Edwina Eunice Abbott (1887–1949) was an American psychologist who conducted early experimental research on memory and cognition, including work related to what is now known as the testing effect.

== Early life and education ==

Edwina Eunice Abbott was likely born on January 6, 1887 (some less reliable sources claim 1883) in Chicago, Illinois. She attended the University of Illinois during her Bachelor's degree, writing her thesis in 1908 on the analysis of the memory function in orthography. Later, and influenced by Hermann Ebbinghaus' research she conducted what would be later understood as her pioneering work on the analysis of the factor of recall in the learning process for her Master of Science thesis. Eventually, she earned a PhD in Psychology from the University of Chicago in 1914.

== Professional career ==

After her graduation, she established an early laboratory for developmental and clinical research and treatment in Wichita, Kansas, in which she worked as both a researcher and clinician.
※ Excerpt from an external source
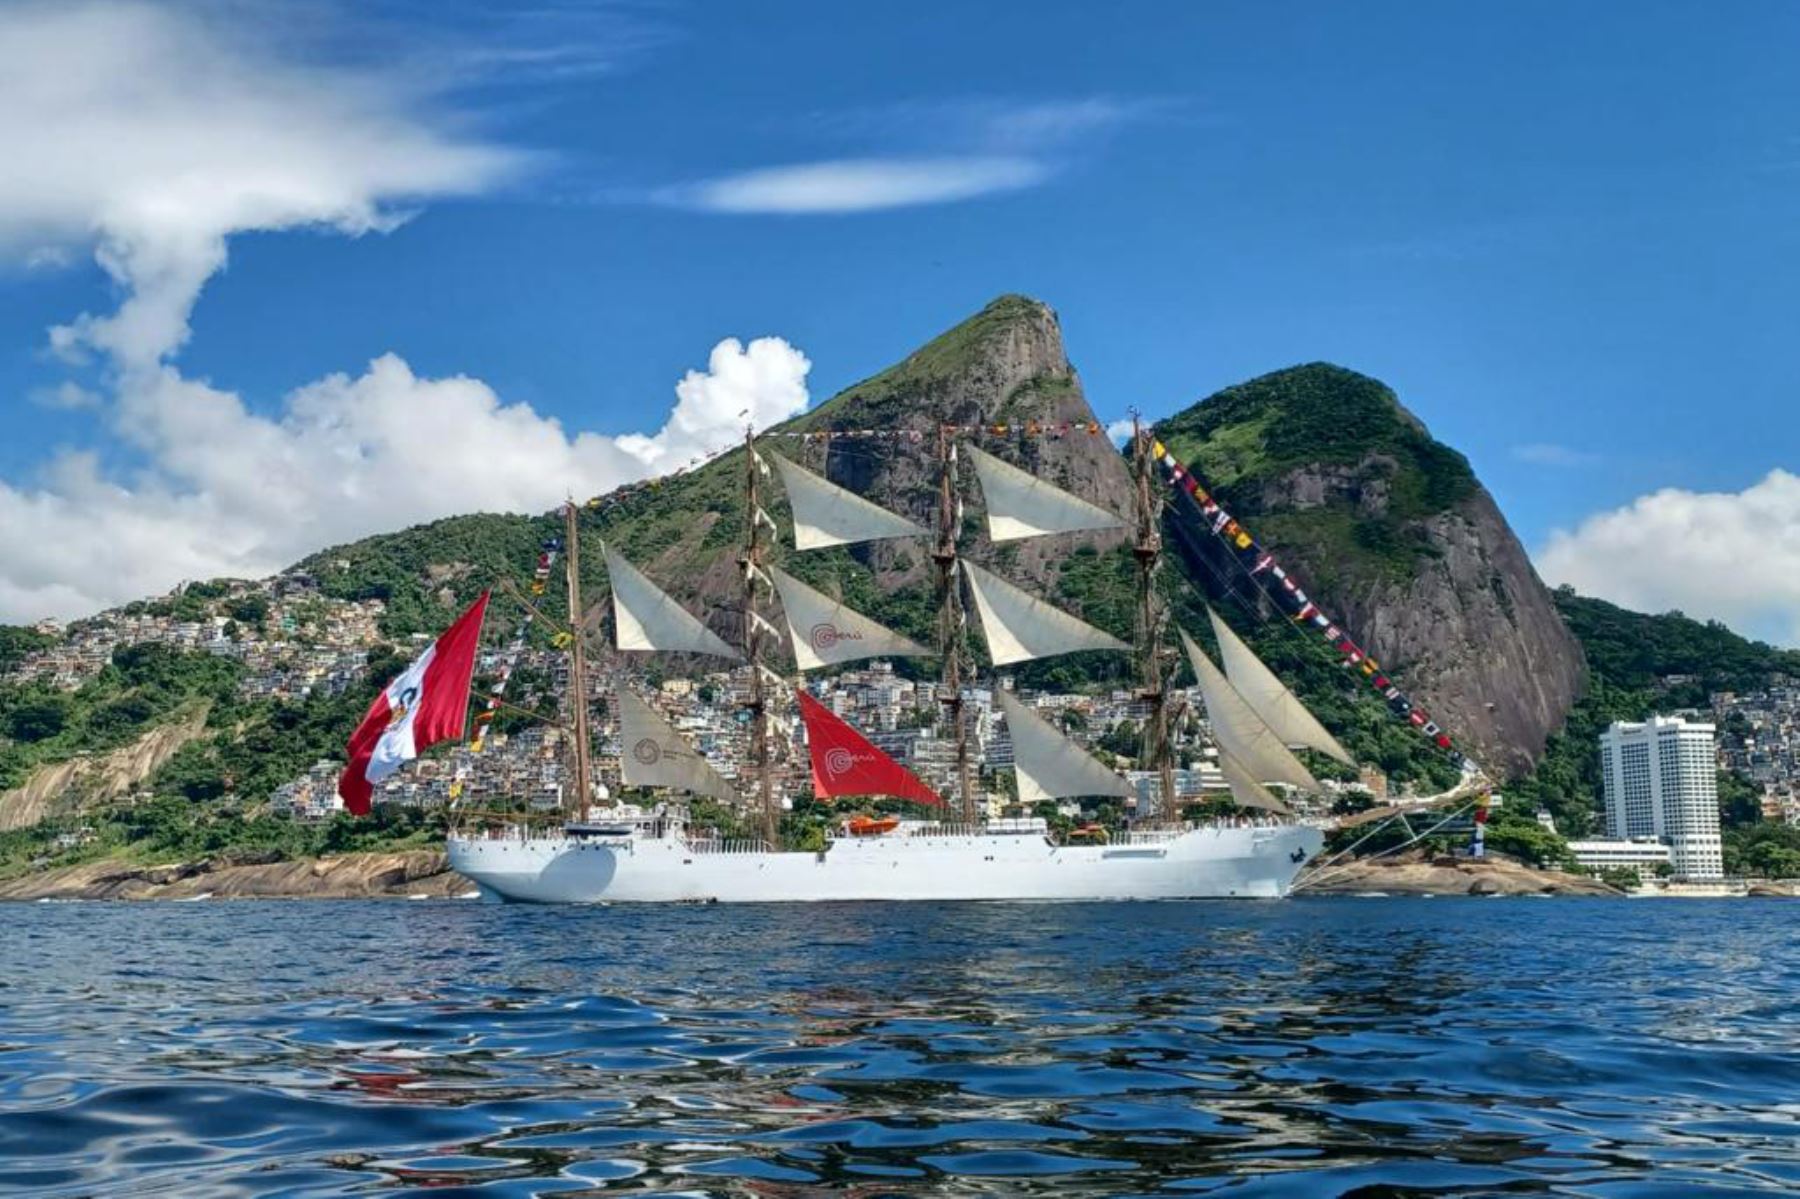 El BAP Unión llegó a las costas de Rio de Janeiro para participar en el evento “Velas Latinoamérica”, que forma parte de las conmemoraciones por el Bicentenario de la Independencia del Brasil.  Foto: Marina de Guerra del Perú

Later, she kept working as a Director and Clinical Psychologist of the Wichita Child Guidance Center from its opening date, September 1930 to March, 1941. She was a staff consultant psychologist for a number of social agencies, as well as part of the American Psychological Association and Kansas Psychological Association.

== Research and contributions ==

Abbott was the first psychologist to formally empirically study the testing effect, which she researched as a student for her Master's degree and Doctorate.

== Selected publications ==

- Abott, Edwina E. (1909). "On the analysis of the factor of recall in the learning process."
- Abbot, Edwina E. (1909). "On the analysis of the memory consciousness in orthography."
- Washburn, M. F. (1912). "Experiments on the brightness value of red for the light-adapted eye of the rabbit."
- Abbott, Edwina (1914). "The effect of adaptation on the temperature difference limen"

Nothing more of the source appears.